Access to treatment can also be problematic, Stacey said, because many mental health care agencies have stopped providing services in consumers’ homes. Thus, if the consumer does not have transportation to the agency’s office, they have trouble accessing services.
Stigma also serves as a large barrier to treatment, as it does throughout the country, Stacey said, and is enhanced within the African American and Latino communities. In NECD, African-Americans constitute 75 percent of the population and Latinos make up 18 percent.
“It’s very difficult to engage the Hispanic community in mental health services,” Stacey said. She has found that some of this difficulty comes from a cultural tendency to keep things “behind closed doors” and some of it comes from a fear of deportation among undocumented Latino community members.
Regina and her daughter, Ebony, have worked with Stacey for several years and have both been diagnosed with mental illness. Ebony, 21, recently moved out of Durham. Speaking as a member of the African-American community, Regina said that African-Americans often stigmatize therapy and avoid it.
“They think white people go to therapy and black people go to church,” she said.
Regina also said that women have a tendency to put others before themselves and are thus the last to receive care.

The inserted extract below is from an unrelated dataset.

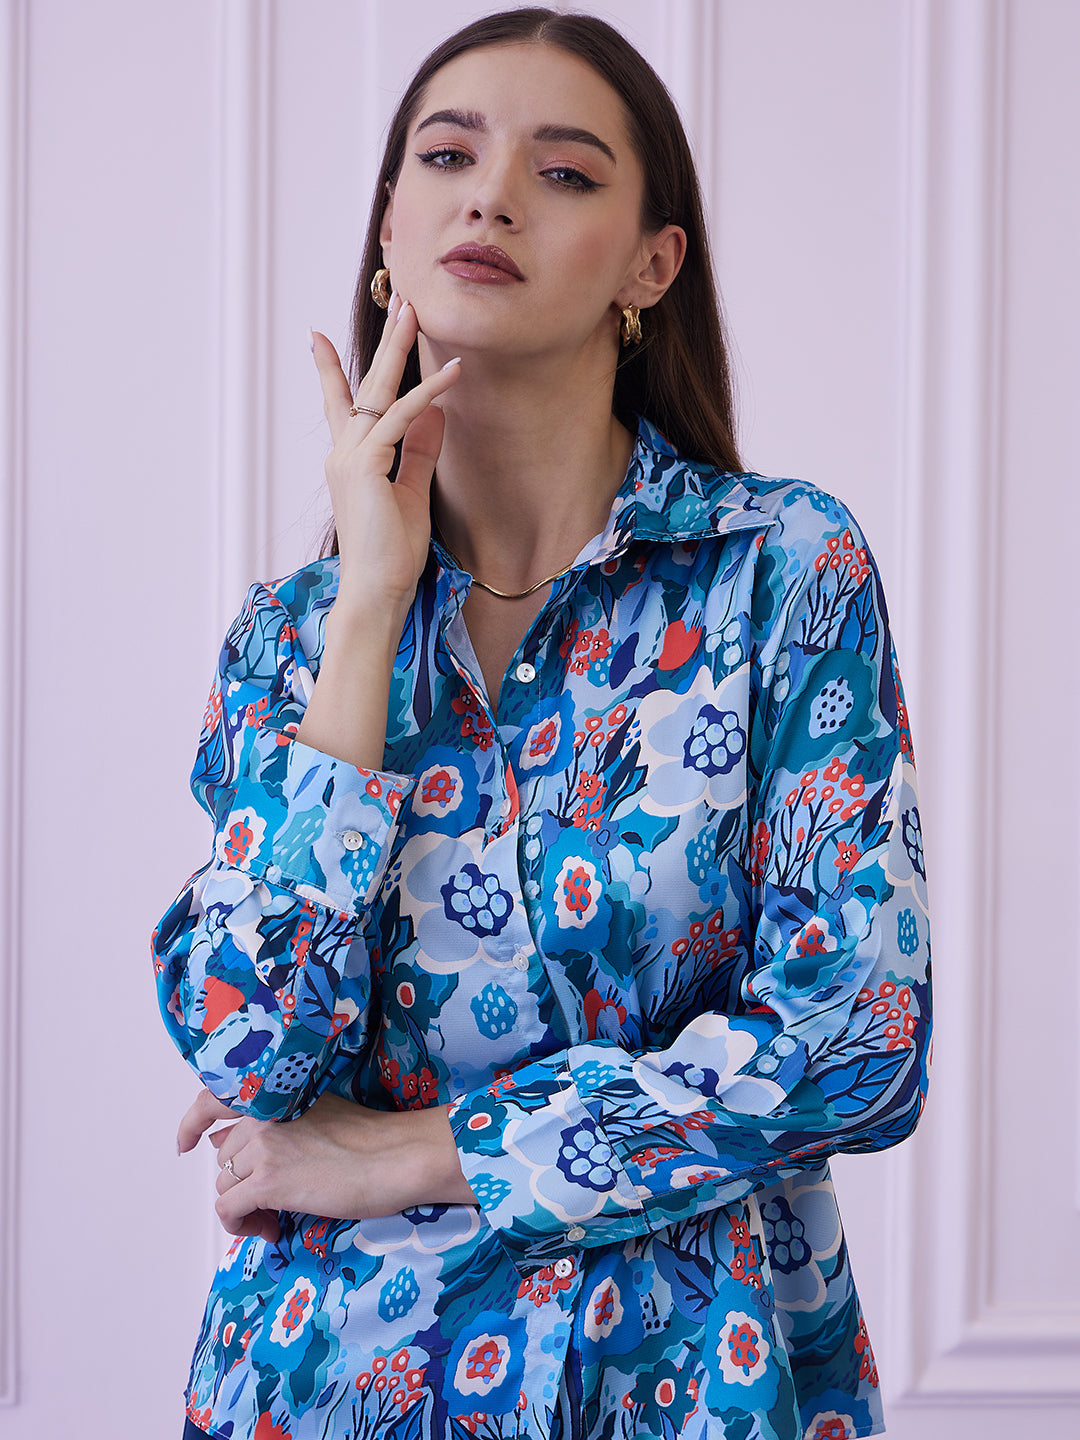 Athena Blue Printed Shirt With Trousers

Reese says that a taboo against mental health discussion exists both within minority communities and American society as a whole.
“We all perceive ourselves as being strong and being able to solve our own problems,” he said.
Alexander also sees stigma as a large problem in the community and hopes that the current national discussion will help bring more attention to the topic.
“No one really wants to talk about it, so what we’re wanting to do is bring mental health to the forefront,” he said.
Not only do stigmas cause mental illnesses to go untreated, they also open the door for mental illnesses to not be treated quickly enough, Stacey said. In many cases, early intervention is crucial.
“Because those stigmas do exist,” she said, “people don’t seek care early enough. Early intervention is so very important. If they don’t seek care early enough, for themselves or for their family members, what might start out as one thing then begins to fester and then it becomes something entirely different.”